We have an ongoing balance sheet (metaphorically speaking) of benefits and costs of this life, and without a doubt, we are clearly in the black in terms of what this has cost Jack and us and what we all have gained. Going back and getting a tour of the High school he would attend, showed a growing deficit should we continue beyond high school. The reality is that Jack is incredibly bright, and not only would we be unable to intellectually and creatively challenge him sufficiently to prepare him for college, but we could never provide him with the resources of that the high school we visited. The final consideration that we are grappling with is that we would like for him to have the daily relationships with his high school buds that are unique to that life, including the dances, the football and sporting games, and the clubs that we just can’t arrange in this life.

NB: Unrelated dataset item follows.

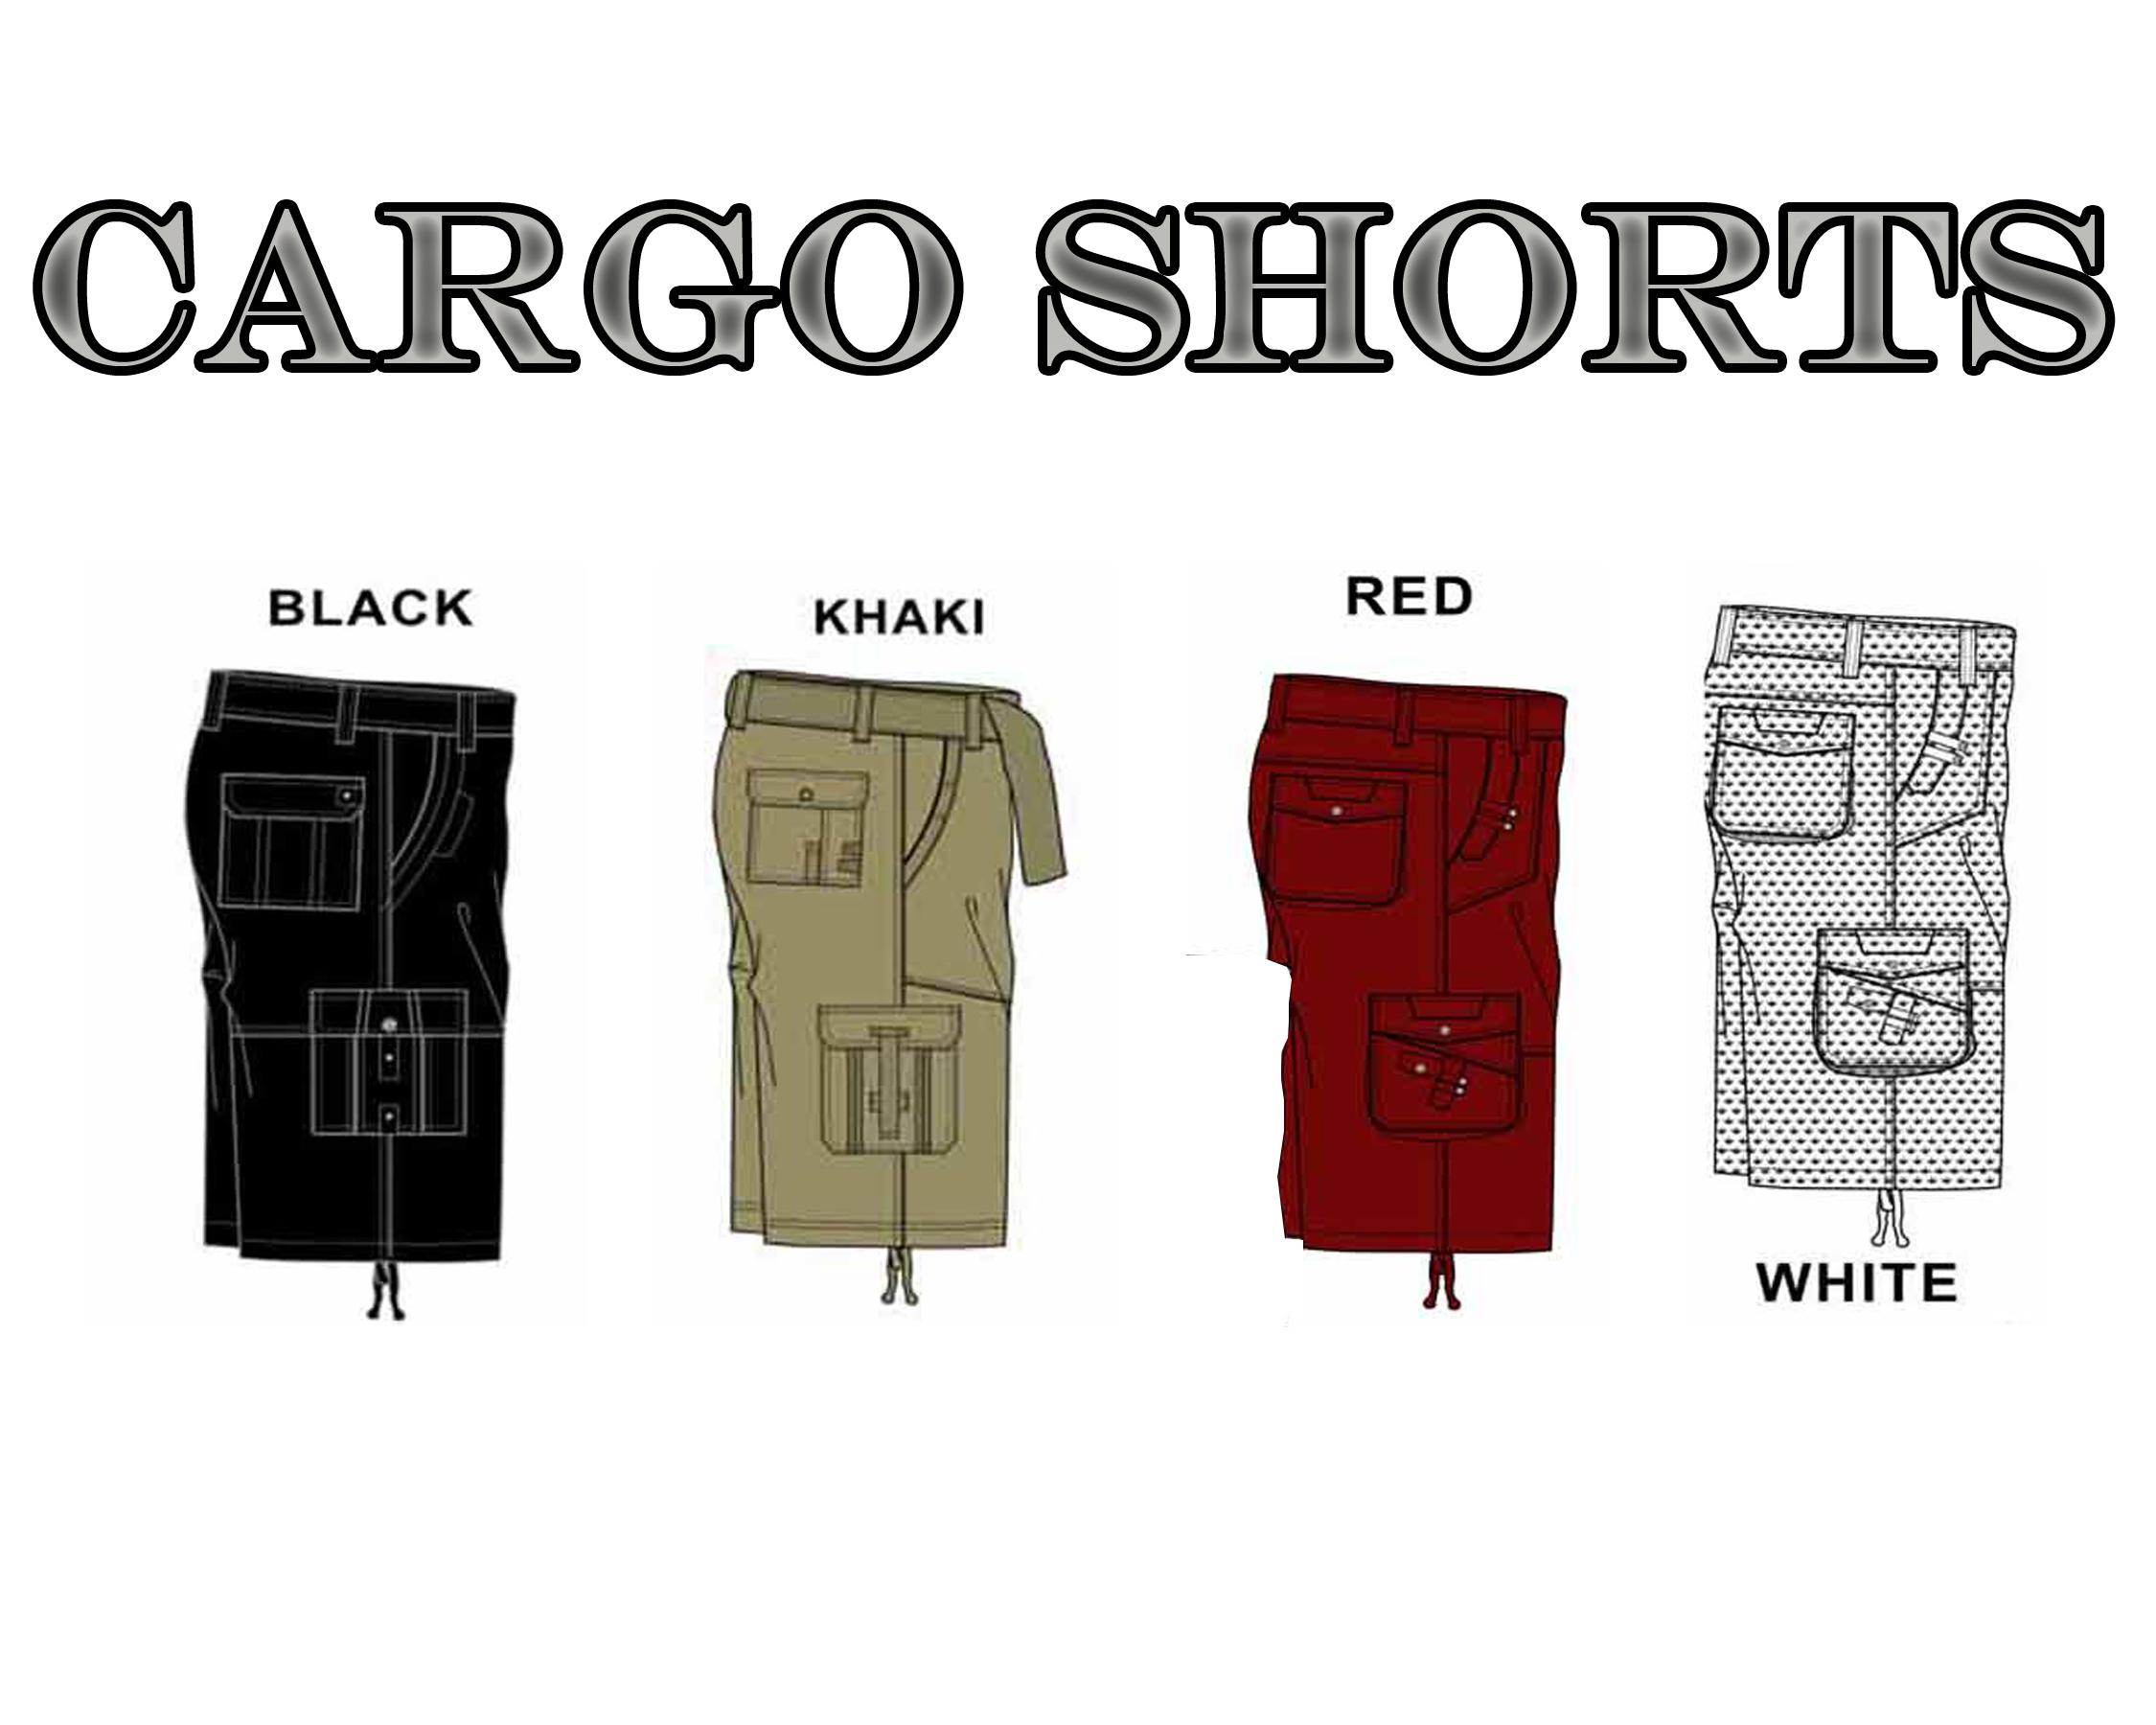 webpage-cargo-shorts-arrival-banner-box.jpg

Don’t get me wrong, so far it has been fantastic and the relationships he made last year are ongoing. He continues to facetime and text with them all. But going forward in high school, this is going to be harder to maintain.
So, back on board in Montenegro, and we have so much to blog about next week or month – depending on when I get to it. We have new solar panels on the hard top, we changed to lithium ion batteries, we have really gotten down to business in school and we have fallen into a blissful routine of life here in Porto Montenegro.
Merry Christmas and Thanks for reading!!!